Nisha Kappillil, Principal Analyst at CybelAngel, joined members of our global team in San Francisco last week for RSA 2020. Motivated by the conversations she had with other information security professionals during the event, she’s sharing her insights and recommendations for how to change the view of humans as a risk variable to humans as a valuable security resource.
RSA 2020 was, despite all the fears of reduced attendance, a very action-packed few days. Alongside the CybelAngel team, I had conversations about today’s evolving risk profiles, security experiences, and best practices with information security professionals from across all industries. Whether I was diving into challenges faced by teams from financial services, consumer goods, or heavy manufacturing, I was struck by the fact that many cyber security risks are truly universal.
Cyber security risks present a common threat that is not discriminatory or prejudice in who it impacts. Anyone and everyone can be a potential target. And as potentially terrifying as that is, it’s also a uniting factor, bringing the security community together with a common goal—to mitigate that risk.
Following on RSA’s theme of ‘The Human Element’ one of the unifying concerns that came up in my discussion with CISOs and CIOs was that humans are, essentially, walking risk factors. My outlook on this negativity is actually reversed. I see humans—employees—as integral resources in an organization’s battle against data leaks or breaches, provided they’re engaged correctly.

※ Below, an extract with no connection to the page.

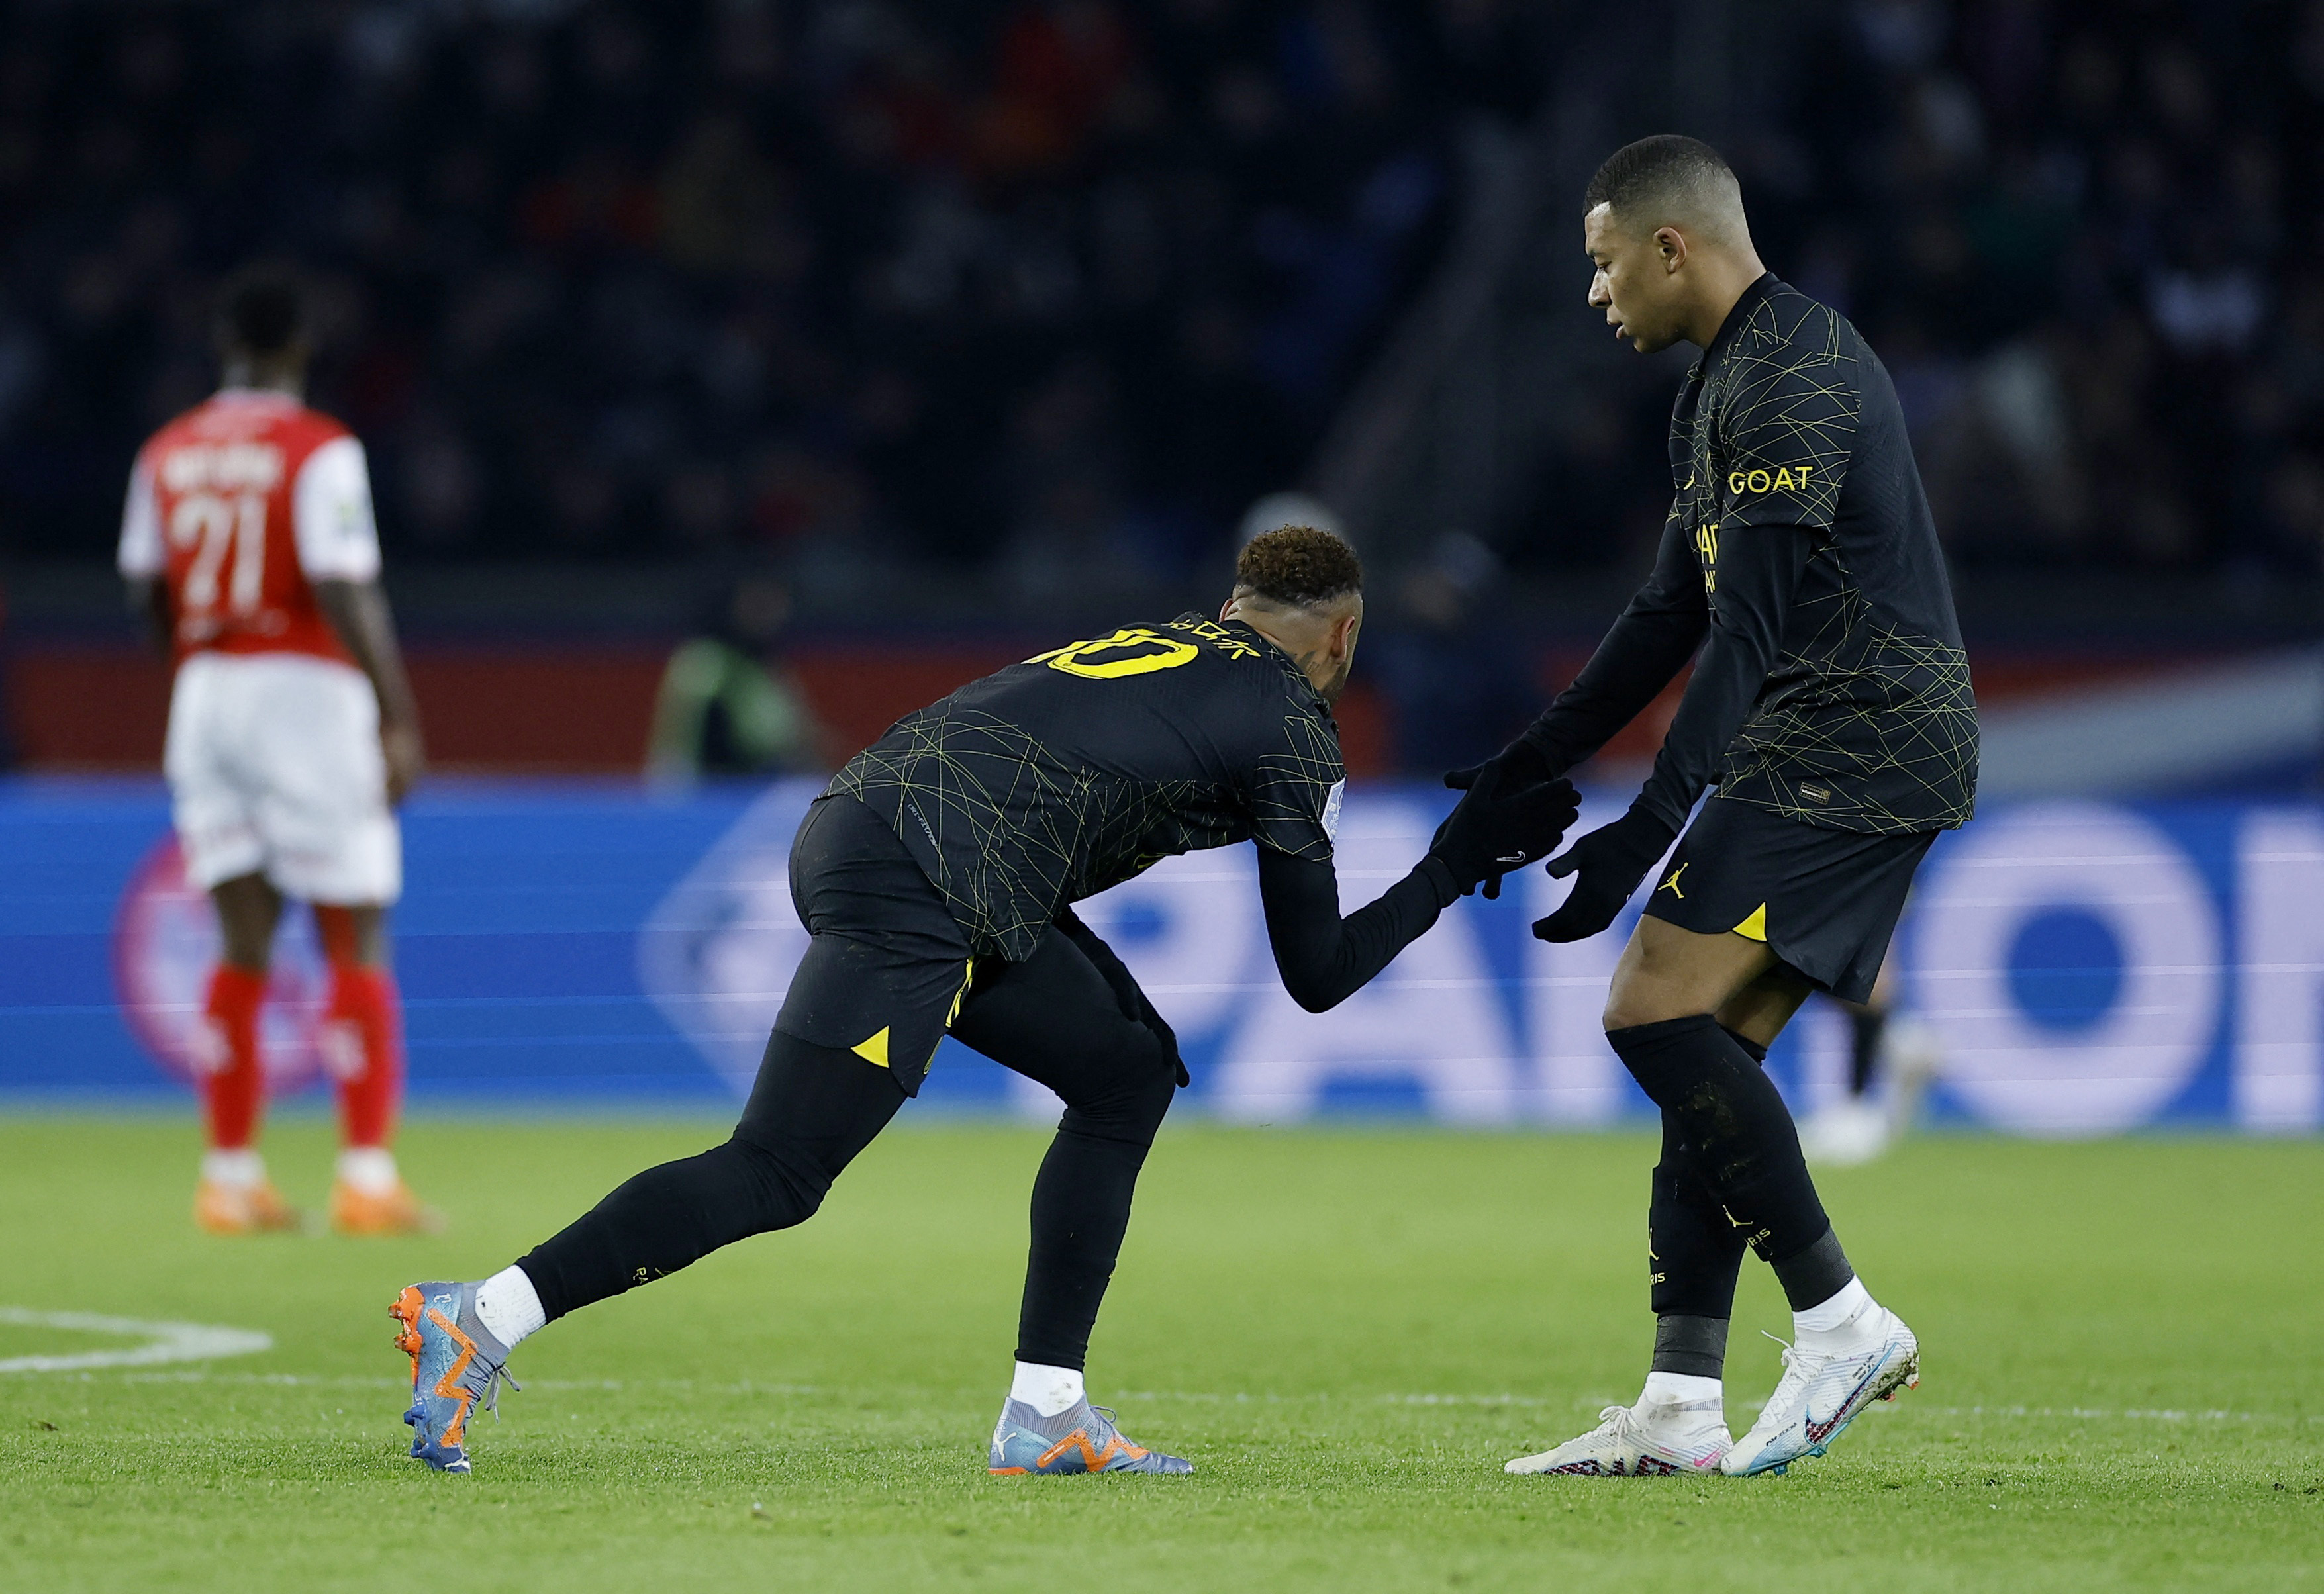 Greeting between Neymar and Kylian Mbappé (REUTERS/Christian Hartmann)

If you’re looking for ways to transition your employees from security risks, to security resources, here are my three pieces of advice:
1. Expand awareness and training to address human negligence.
Malicious activities are, to be frank, a sexy topic in the security field. Dark web, hackers, foreign bad actors—all topics that do a great job of attracting attention. And yet, of the most critical data leak alerts CybelAngel sends to our customers, 93% of them are caused by negligence. Moving employee education beyond identifying phishing attempts and protecting their passwords is key in reducing negligence.

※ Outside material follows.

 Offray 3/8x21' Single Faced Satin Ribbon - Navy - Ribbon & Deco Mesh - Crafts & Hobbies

Introducing training on best practices for topics such as sharing data with third-parties, avoiding unauthorized tools or shadow IT, ensuring proper configuration on cloud platforms, and how to use personal devices like NAS drives securely can help reduce risk of negligent leaks by well-meaning employees.
Taking this a step further, why not share your organization’s best practices and training materials with your vendors, partners and other third-parties? They may not have the same resources or maturity as your teams, and sharing this knowledge will help them keep your sensitive data safe.
2. Stop thinking that technology will solve all your problems.
The right technology, whether integrated in your networks, or services operating outside your systems will undoubtedly help reduce your risk of data leaks. But it can’t do all the work. One of the things I found most exciting when I joined CybelAngel was that there was robust artificial intelligence and machine learning at work in the solution —machine learning that had been refined for 5+ years, and continued to be innovated.
But once I dove into my work as a cyber analyst servicing our customers, I realized that technology isn’t stand alone magic. We can’t underestimate the value of a human touch. Technology will help you scale your security coverage, but there’s no replacing the value humans bring to contextualizing risks and providing actionable insights.
3. Ensure teams are focusing on the work that matters.
No one ever has a big enough budget, or enough resources. Headcount on teams can be hard to increase, and that makes it especially important that your organization has their highly skilled security teams working on the right things.
How does this help transition humans from security risk to resource? Security employees struggling with strained bandwidth won’t be able to perform their work as effectively, and things can slip through the cracks.
As part of my work with customers, I deliver incident reports that are used by SOC teams to prioritize and guide their activities. Because these reports are all validated (no false positives or simply suspicious findings) I receive the feedback that I’ve helped them avoid the hassle of trying to get through the flood of non-value add alerts that they are sent by other security providers.
I encourage you to take a look at where your teams’ skills are strongest, and focus on prioritizing their work to allow them to dedicate their time and energy there. Combing through Shodan to look for open IPs, ad hoc exploration of domain names, even the work of remediation may not be strong strategic use of their limited bandwidth, and can be outsourced.
One of my favorite things about RSA 2020 was having the opportunity to connect with people from all over the world, from all different industries—all of us driven by common security goals. As so many of us spend our days in front of a screen (or several screens!), being together in person, to chat, explore, and share our insights was invaluable. Exactly ‘The Human Element’ I enjoy so much about my work in cybersecurity.